**WHAT THE TASK REQUIRES**
Keep the pictures out, and restate the listing that follows exactly as written.

**SUPPLIED INFORMATION**
>>
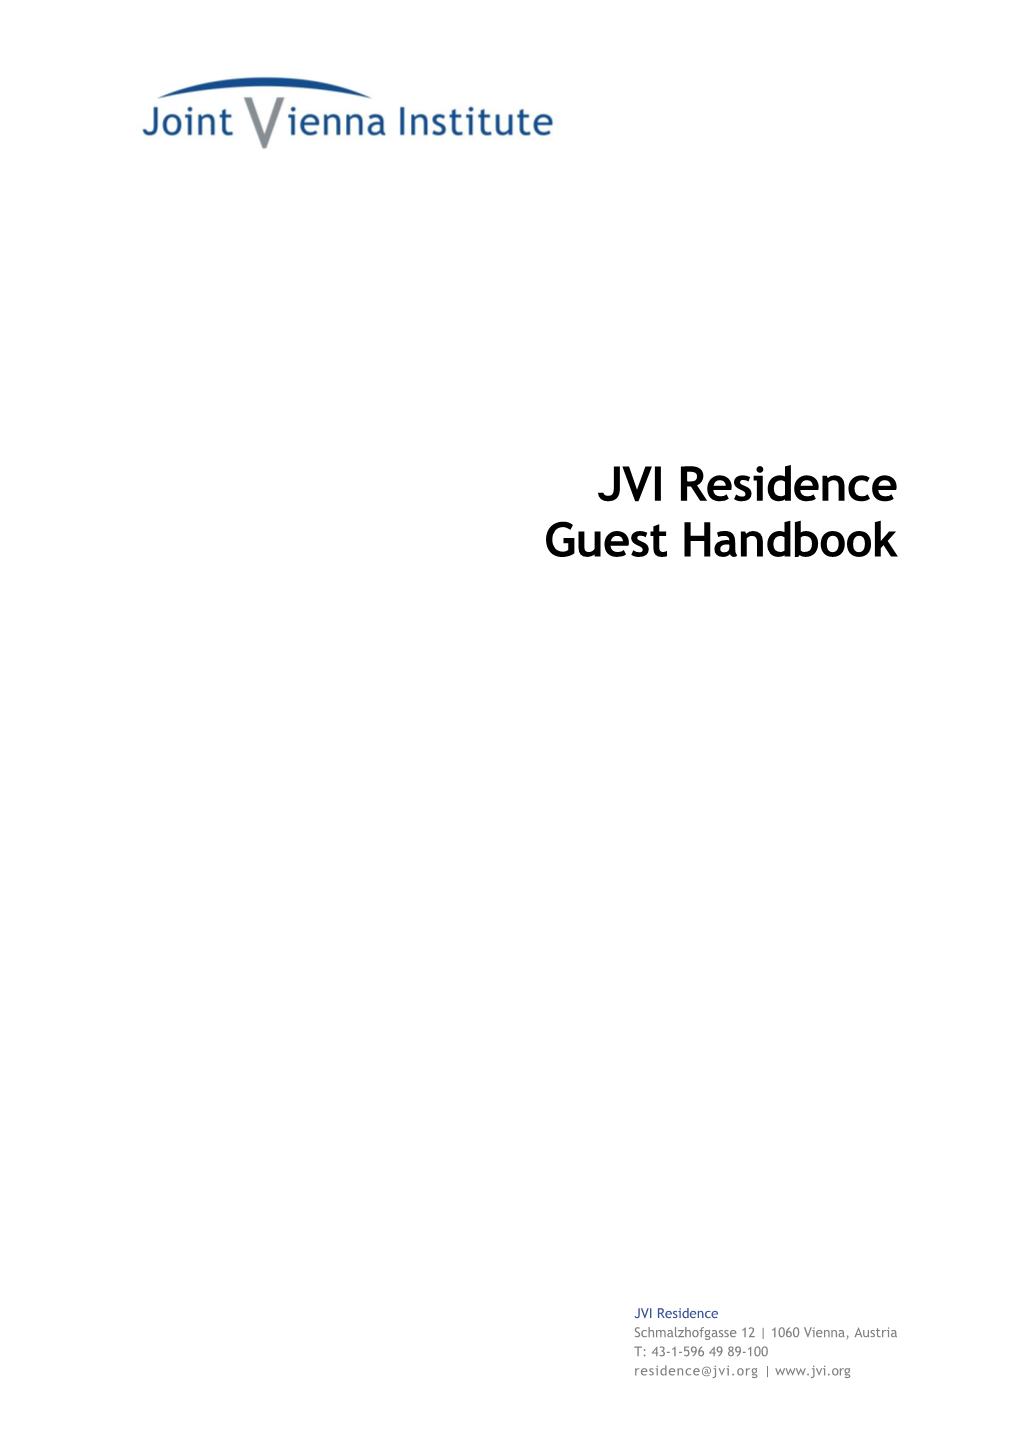 JVI Residence: Guest Handbook
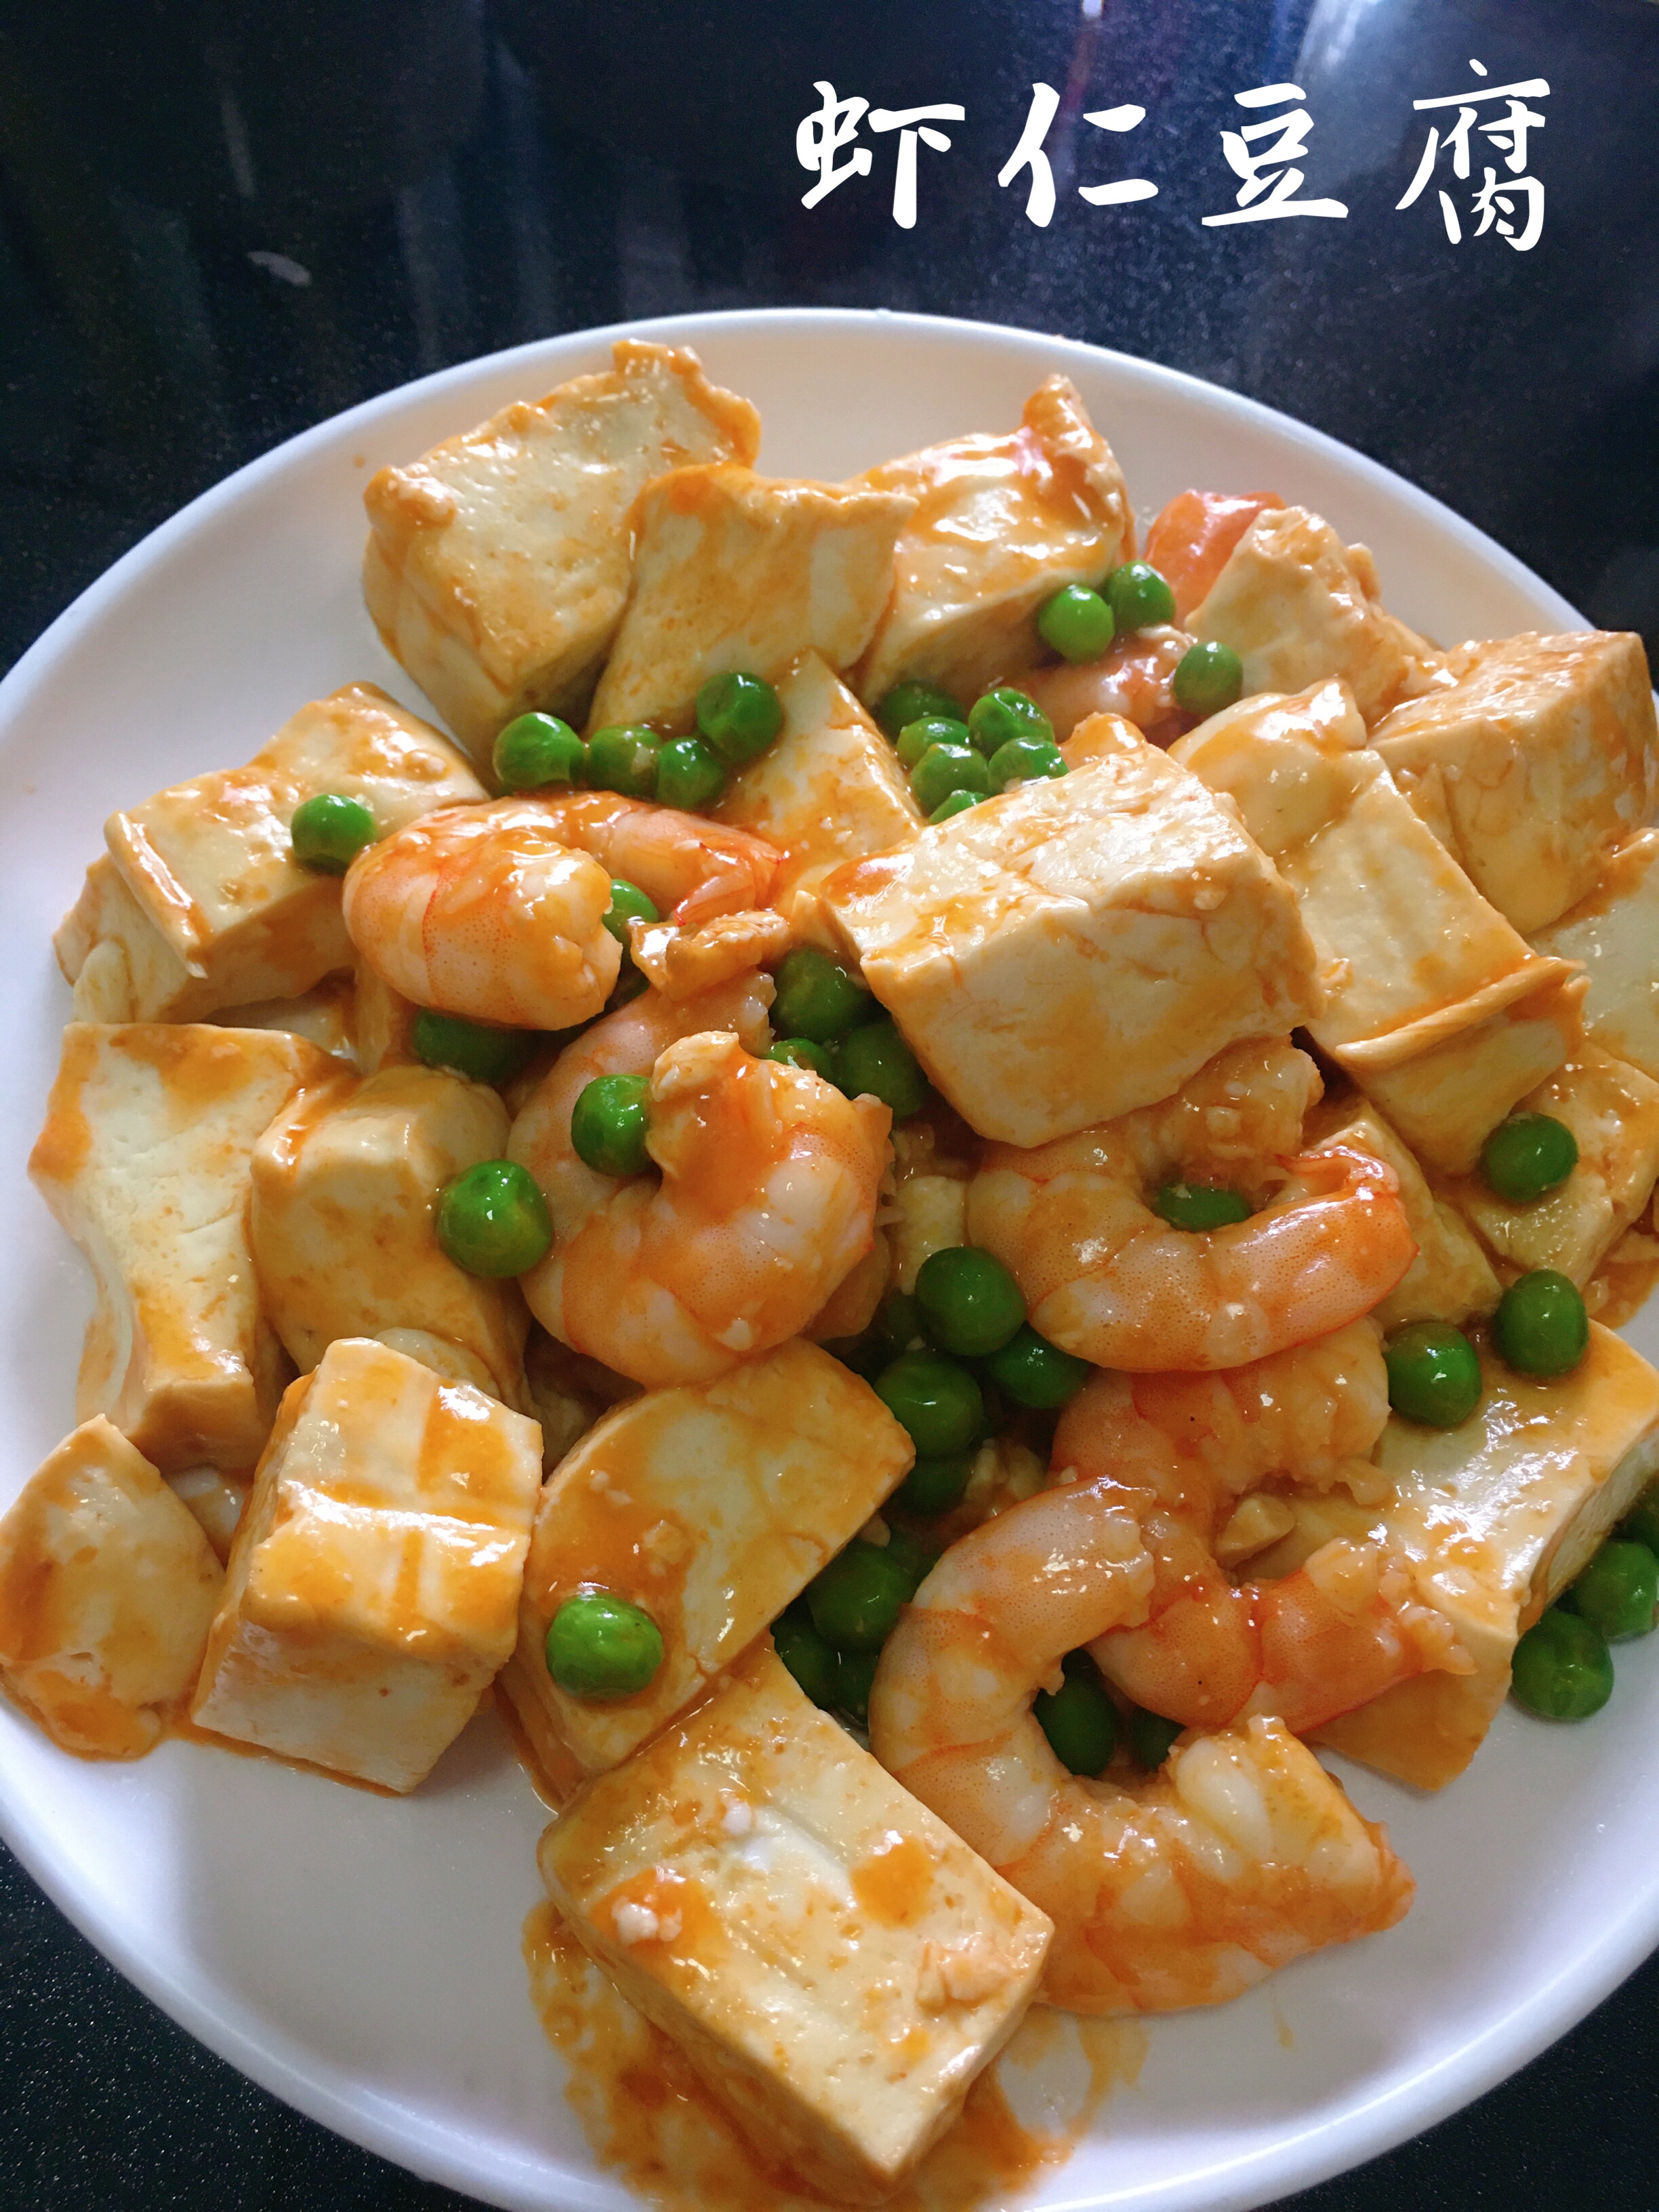 虾仁豆腐
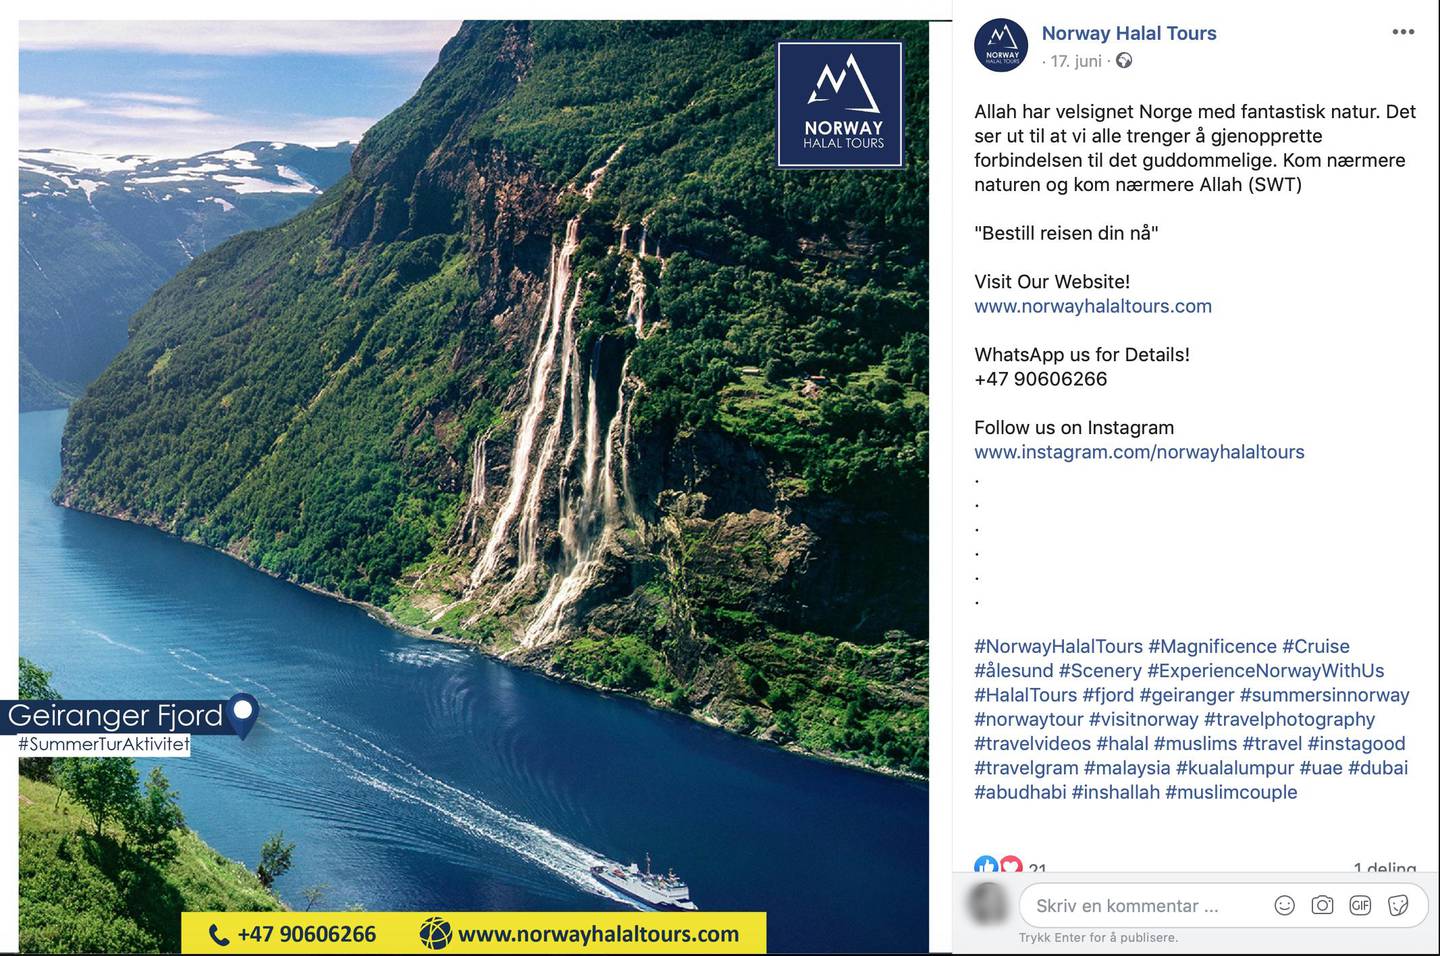 Slik reklamerer Norway Halal Tours for sine pakketurer i Norge på Facebook.
<<
**TASK OUTPUT**
 JVI Residence: Guest Handbook
 虾仁豆腐
 Slik reklamerer Norway Halal Tours for sine pakketurer i Norge på Facebook.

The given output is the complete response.